The Hidden Challenges: What Nobody Tells You

But let’s talk about the flip side. For every “wow” moment, there’s usually a “why is this broken?” night.

Hardware Surprises

Hardware is the first thing to catch you out. I’ve had drives die without warning, forcing me to scramble for a backup plan. I once spent a whole Saturday trying to move my setup from a 1TB SSD to a new 4TB external drive. What should have been a simple process turned into hours of wrestling with Docker volumes, mysterious file permissions, and more than a little self-doubt.

Network Headaches

And then there’s the network. Port forwarding, which I’d barely heard of before, suddenly became my new nemesis. My ISP kept changing my public IP address, breaking remote access just as I thought I’d figured it out. At one point, after hours of tinkering, I realized my router itself was blocking half the ports I needed. It wasn’t until I discovered tools like Tailscale (which creates a private VPN between your devices) that things started to make sense. But even then, every solution led to new things to learn.

The Joy and Pain of Software Updates

Software updates are another mixed blessing. I’ve had a single dnf upgrade break my Nextcloud installation, leaving me with a sinking feeling as I googled error messages at 2 AM. Containers help, but not all apps play nicely together, and restoring from backup is the only time you discover if you’ve really been doing it right.

Maintenance Realities

And maintenance? It’s a time commitment, no matter what anyone says. Things break, usually when you least expect it. Family members notice downtime, and suddenly you’re on the hook for fixing the “home cloud” before dinner. I’ve learned the hard way to keep notes on what I’ve set up, because otherwise I forget my own steps a month later.

Lessons Learned and Practical Tips

If you’re thinking about self-hosting, my advice is to start simple. Pick one or two services you really want and get those running well before you branch out. Automate your backups and actually test restoring from them. Use containers when you can, because it makes upgrades and recovery so much easier. Monitoring is worth the setup, even if it’s just a basic “is this still running?” dashboard or a bot sending alerts.

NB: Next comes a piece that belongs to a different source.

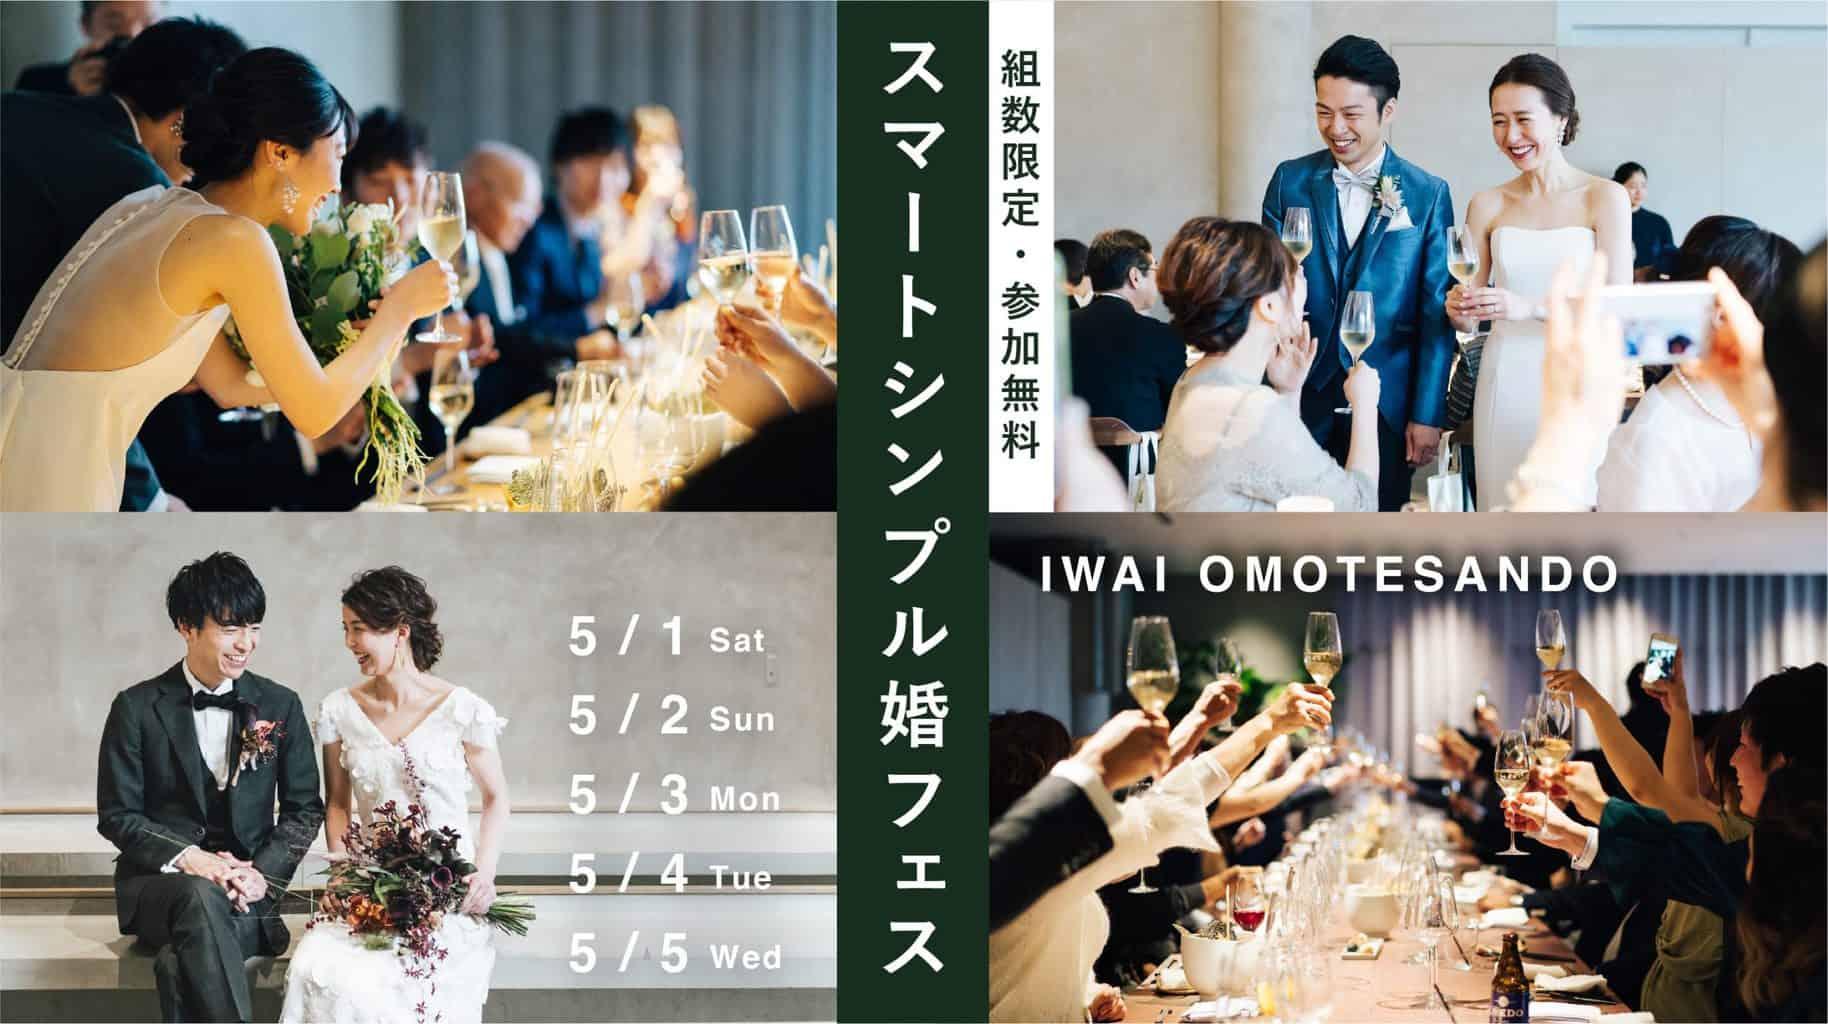 《GW限定イベント》シンプルだけど上質でリラックスできる空間で結婚式をしたいあなたへ【スマートシンプル婚フェス】のカバー写真 0.5601750547045952

And above all, expect to make mistakes. That’s part of the process. Every little disaster is just a lesson for next time, and you do get better at anticipating what can go wrong.

Final Thoughts

Self-hosting is both empowering and humbling. When everything is running smoothly, there’s nothing quite like it. But the problems are real, and you’ll spend as much time fixing things as you do building them. Still, each time you get something working, it’s a genuine achievement. If you’re already on this journey, what’s been your biggest success or headache? If you’re just starting, what are you most worried about? I’m happy to help and would love to hear what you want to see next.